-- MATERIAL FOR THE TASK follows --

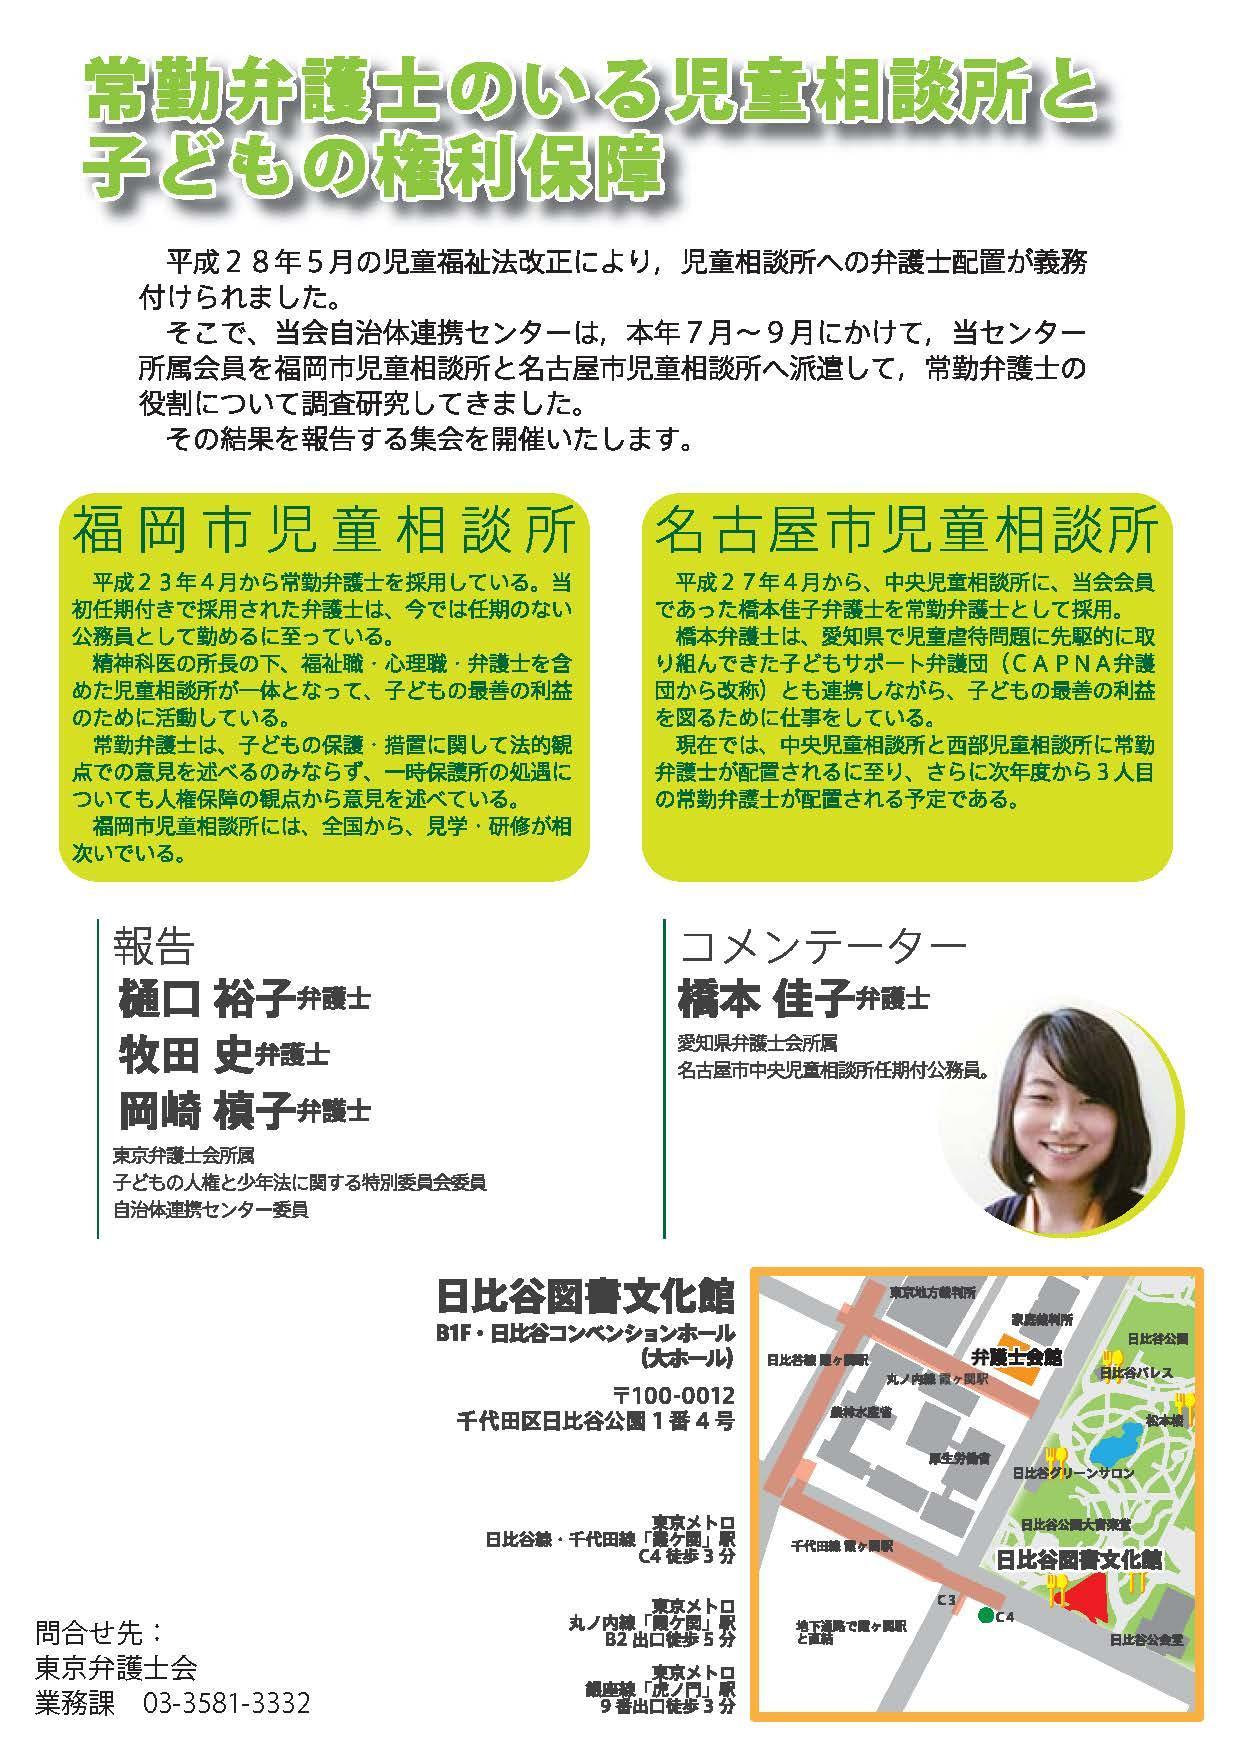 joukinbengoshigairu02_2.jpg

-- MATERIAL FOR THE TASK concluded --
-- MATERIAL FOR THE TASK follows --

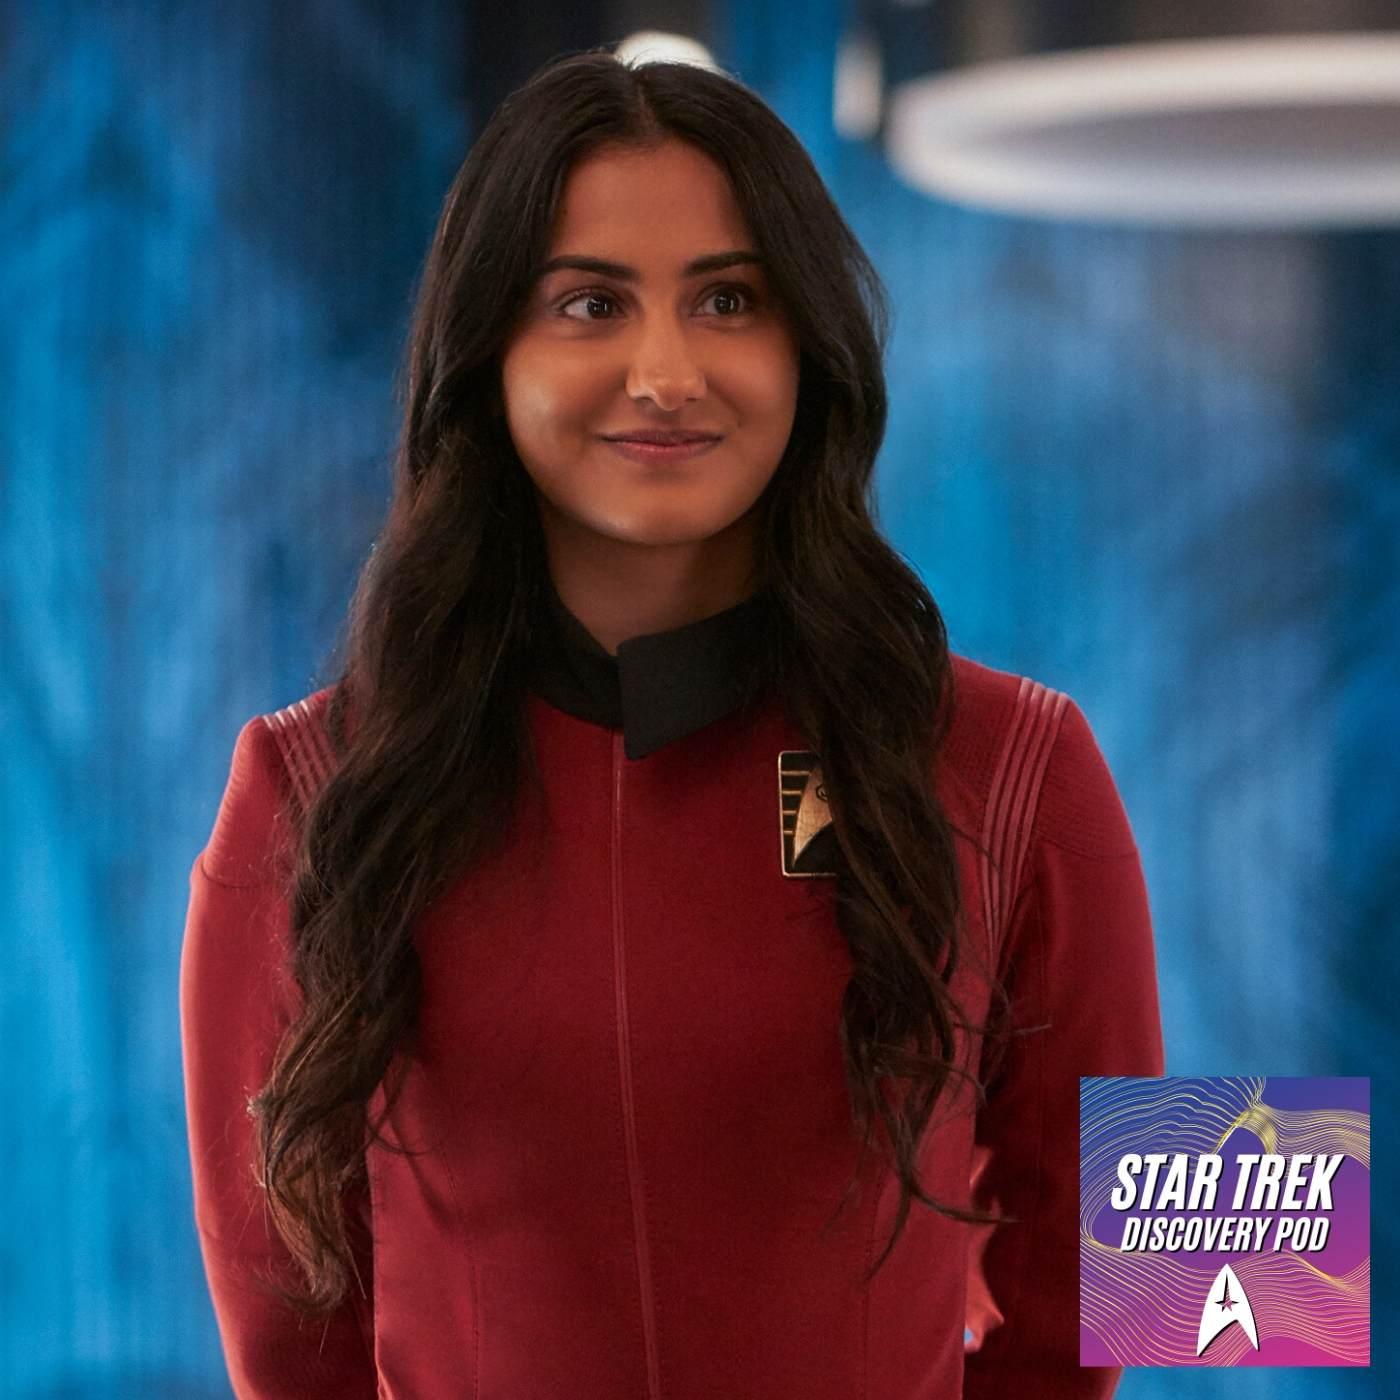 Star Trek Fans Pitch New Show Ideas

-- MATERIAL FOR THE TASK concluded --
-- MATERIAL FOR THE TASK follows --

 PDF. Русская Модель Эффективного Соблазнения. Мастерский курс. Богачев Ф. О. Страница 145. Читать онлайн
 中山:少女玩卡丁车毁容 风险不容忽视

-- MATERIAL FOR THE TASK concluded --

WHAT YOU WILL DO:
Could you repeat exactly the lines above from the line with "PDF. Русская Модель" up to and including the line with "中山:少女玩卡丁车毁容 风险不容忽视", and only those?

SOLUTION TO THE PROBLEM:
 PDF. Русская Модель Эффективного Соблазнения. Мастерский курс. Богачев Ф. О. Страница 145. Читать онлайн
 中山:少女玩卡丁车毁容 风险不容忽视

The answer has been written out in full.